Arthur laughed sourly. ‘He wants to prove himself, that’s what he wants. His father’s dead and he’s eager to show that he’s a better man than Tewdric. The best way is to become a hero in battle and the second best is to steal a kingdom without a battle.’ He sneezed violently, then shook his head angrily. ‘I hate having a cold.’
‘You should be resting, Lord,’ I said, ‘not working.’
‘This isn’t work, this is pleasure.’
‘You should take coltsfoot in mead,’ Galahad said.
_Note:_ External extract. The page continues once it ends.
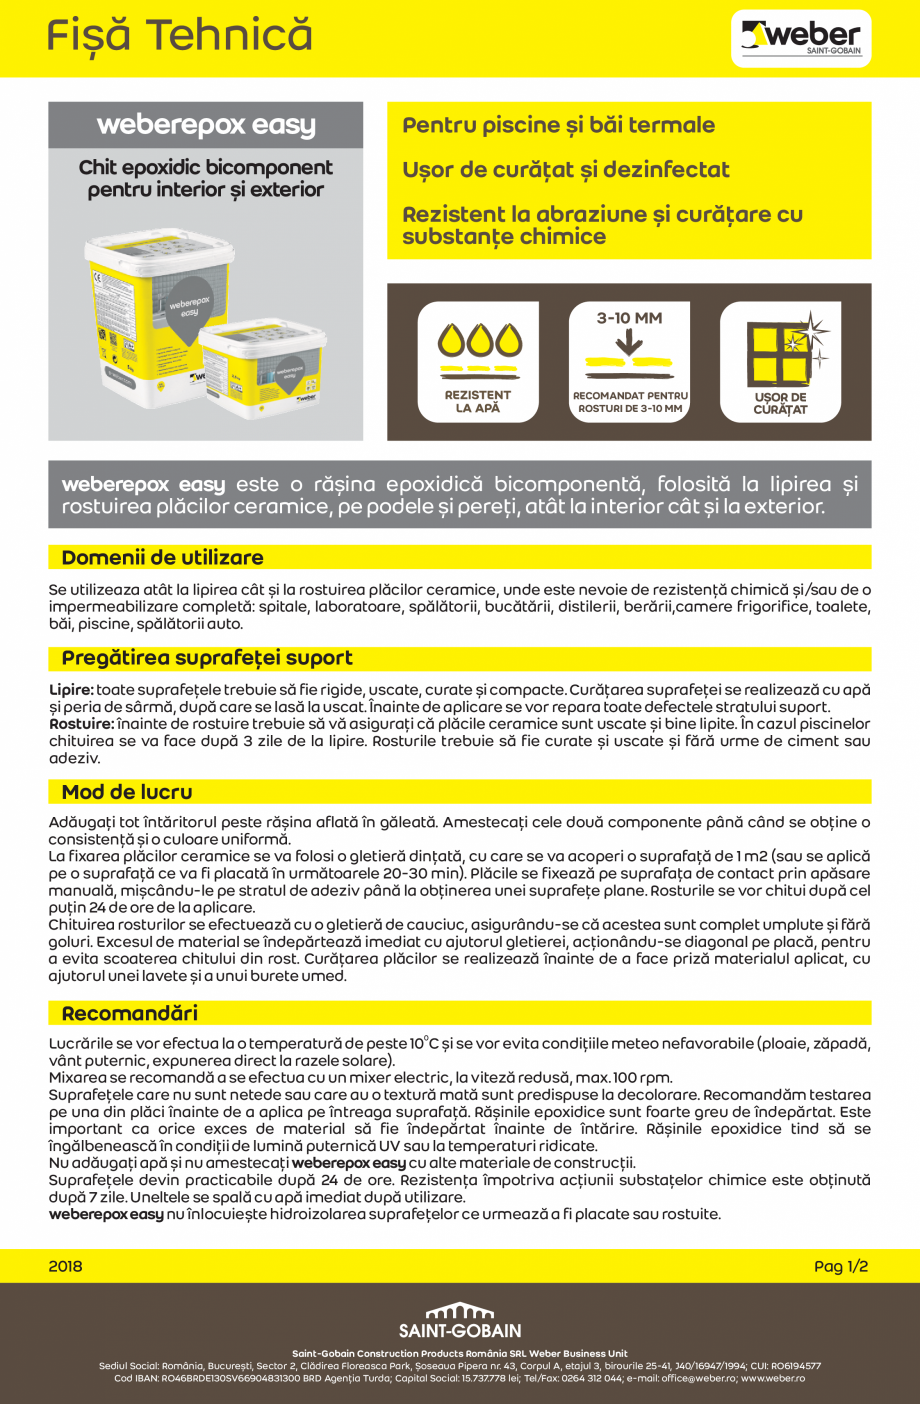 Pagina 1 - Chit epoxidic bicomponent pentru interior si exterior WEBER weberepox easy Fisa tehnica...

‘I’ve drunk nothing else for a week. Only two things cure colds: death or time.’ He picked up the hammer and gave the cooling lump of iron a ringing blow, then pumped the leather-jacketed bellows that fed air into the furnace. The winter had ended, but despite Arthur’s insistence that the weather was ever kind in Isca, it was a freezing day. ‘What’s your mouse lord up to?’ he asked me as he pumped the furnace into a shimmering heat.
‘He isn’t my mouse lord,’ I said of Sansum.
‘But he’s scheming, isn’t he? Wants his own candidate on the throne.’
‘But Meurig has no right to the throne!’ Galahad protested.